As Socrates said, Ya cain't grep what ya hain't kep'-- spidermother, Dec 09 2020 I too am a webpage hoarder. Do you think we should form a support group?-- pertinax, Dec 09 2020 I've been archiving news on a daily basis for the last 3 years - being able to enter a search term, and see how it appears over time can sometimes be illuminating - but the process is through heavy reliance on an ever diminishing set of free-to- access rss feeds. Interestingly, the idea of data as an asset has caused a number of information sources to charge for access to their data. Reuters turned off their free-to-access news feed, probably to encourage interested parties to pay for access to their curated repository as a commercial asset. A "seen-it-stored-it" facility would save a lot of fiddling about.-- zen_tom, Dec 09 2020 I was about to point you to the Colindale newspaper archive, which I have used happily in the past, [zen_tom], but it seems the news from there is not good.-- pertinax, Dec 09 2020 // I too am a webpage hoarder. //
More deserving of pity than condemnation ...

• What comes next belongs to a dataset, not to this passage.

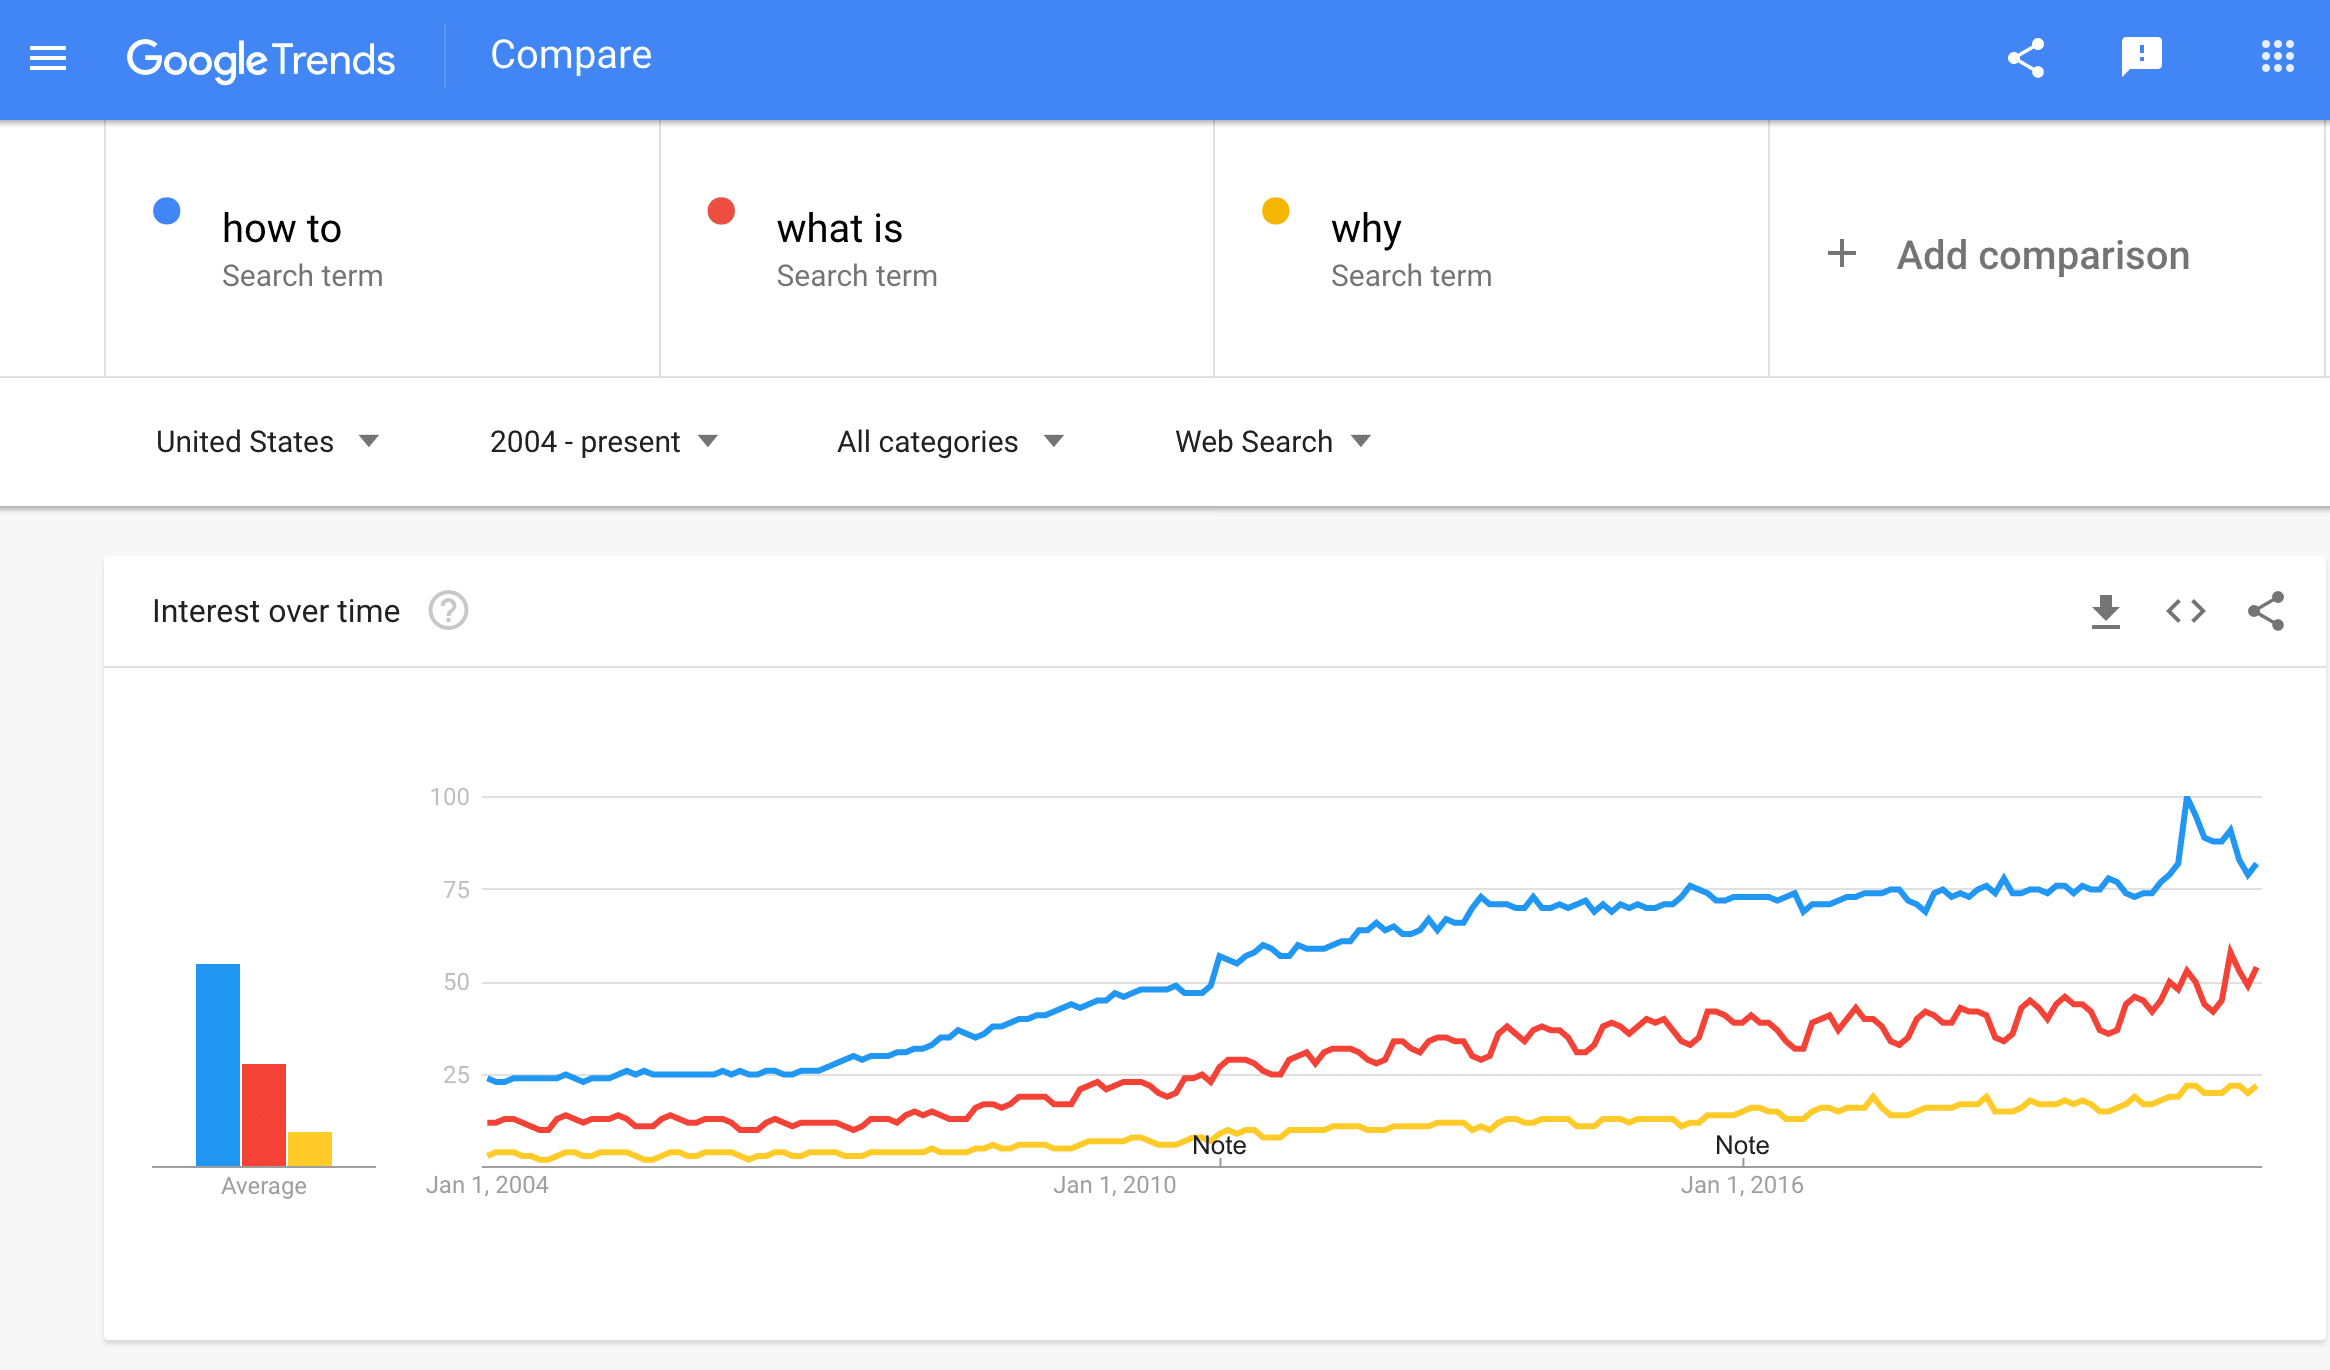 Google Trends how-to queries

// Do you think we should form a support group? //
What, like trestles, or a brick plinth or something ?
There's a TV program about going round to people's houses and "de-cluttering" them, with the aid of a skip.
Fortunately, a relatively short burst of 7.62mm automatic fire (1 round in 5 tracer) aimed just above head height is enough to send them scurrying away.
Maybe you need someone like them, but for your offline archive ? The trick with the automatic fire will probably work just as well if you don't...-- 8th of 7, Dec 09 2020 I can see it coming: The next YouTube advertisements trend with Declutter the Computer experts.-- pashute, Dec 10 2020 [pertinax] it's a pain, the only way to (non-commercially) get good content seems to be to manually scrape it from ever changing websites - the hard part is automatically monitoring for when the format of those sites change, so you can recode the scrapers. It's disheartening to clean up a dataset and find gaps in the middle when something stopped working due to a redesign.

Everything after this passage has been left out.